Chronic noise-induced Alzheimer’s disease (AD)-like pathological alterations in SAMP8 mice. ad Quantification of soluble and insoluble Aβ1-40 and Aβ1-42 levels by ELISA. e The expression of total tau and hyperphosphorylated tau in SAMP8 mice. fh The density of the immunoreactive bands was quantified and represented as a percent change relative to the control. GAPDH was used as a loading control. Data were expressed as the mean ± standard deviation (n = 6 per group). Results were normalized as the control = 100%

Tau phosphorylation levels were assessed by quantitative immunoblot analyses of cortical extracts from individual mouse in each group after the end of the 30-day experiment period (Fig. 1e, f). In comparison with those in the control group, the levels of tau phosphorylated at Ser202 and Ser404 in the noise group were significantly increased (Fig. 1g, h). These data suggested that chronic noise exposure accelerated AD-like pathological alterations in the SAMP8 mice.
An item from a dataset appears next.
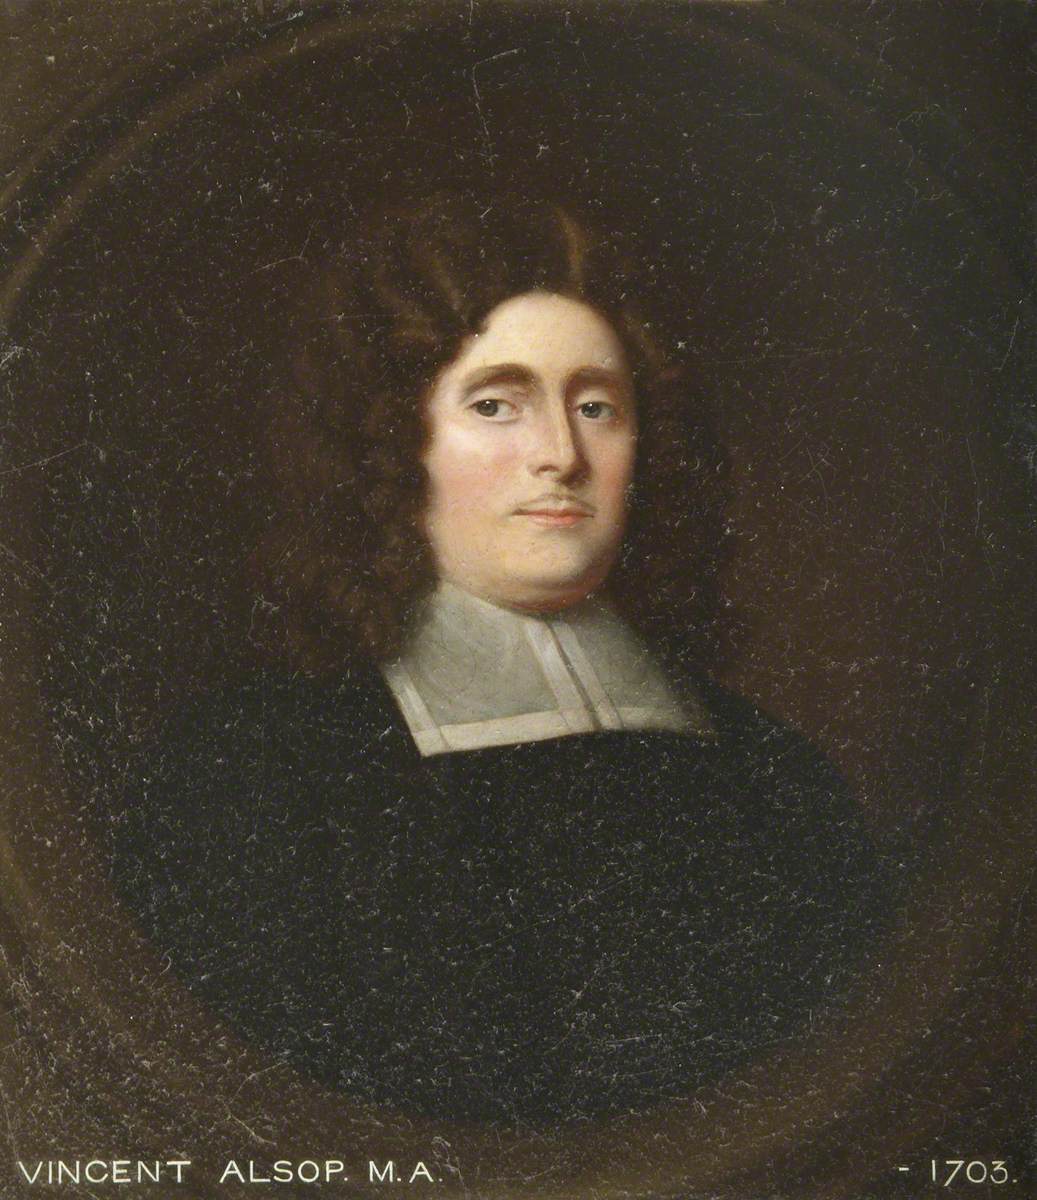 Vincent Alsop (d.1703), MA

Functional enrichment analysis

A total of 161,813,829 raw reads (80,365,338 for the noise group and 81,448,491 for the control group) were generated. After discarding the reads with adapters, poly-N > 10%, and any other possible contaminants, 156,995,998 clean reads (78,392,394 for the noise group and 78,603,604 for the control group) were obtained. The clean reads were mapped to the mouse reference genome, and the mapping rates were approximately 92.93% and 93.53% for the noise and control group mice, respectively. The cufflink results indicated 30,673 protein-coding transcripts. These mRNAs were used for subsequent analysis.

To identify significant associations of genes with any specific molecular pathway, we performed annotation enrichment analyses. Genes that significantly enriched for P value in GO terms included transmembrane receptor protein serine/threonine kinase signaling pathway, synaptic transmission (GABAergic), sleep and regulation of synaptic transmission (GABAergic), and several terms were closely related to AD, such as learning or memory (GO: 0007611 ), cognition (GO: 0050890), learning (GO: 0007612), and regulation of neuronal synaptic plasticity (GO: 0048168) (Table 2). By contrast, the KEGG results revealed 20 pathways, of which had significant P values included Toll-like receptor signaling pathway, TNF signaling pathway, and MAPK signaling pathway (Glutamatergic synapse) (Table 3). We also observed that Egr1, Fos, Egr2, and Arc were the main central genes, and they directly interacted with each other in the gene network analysis.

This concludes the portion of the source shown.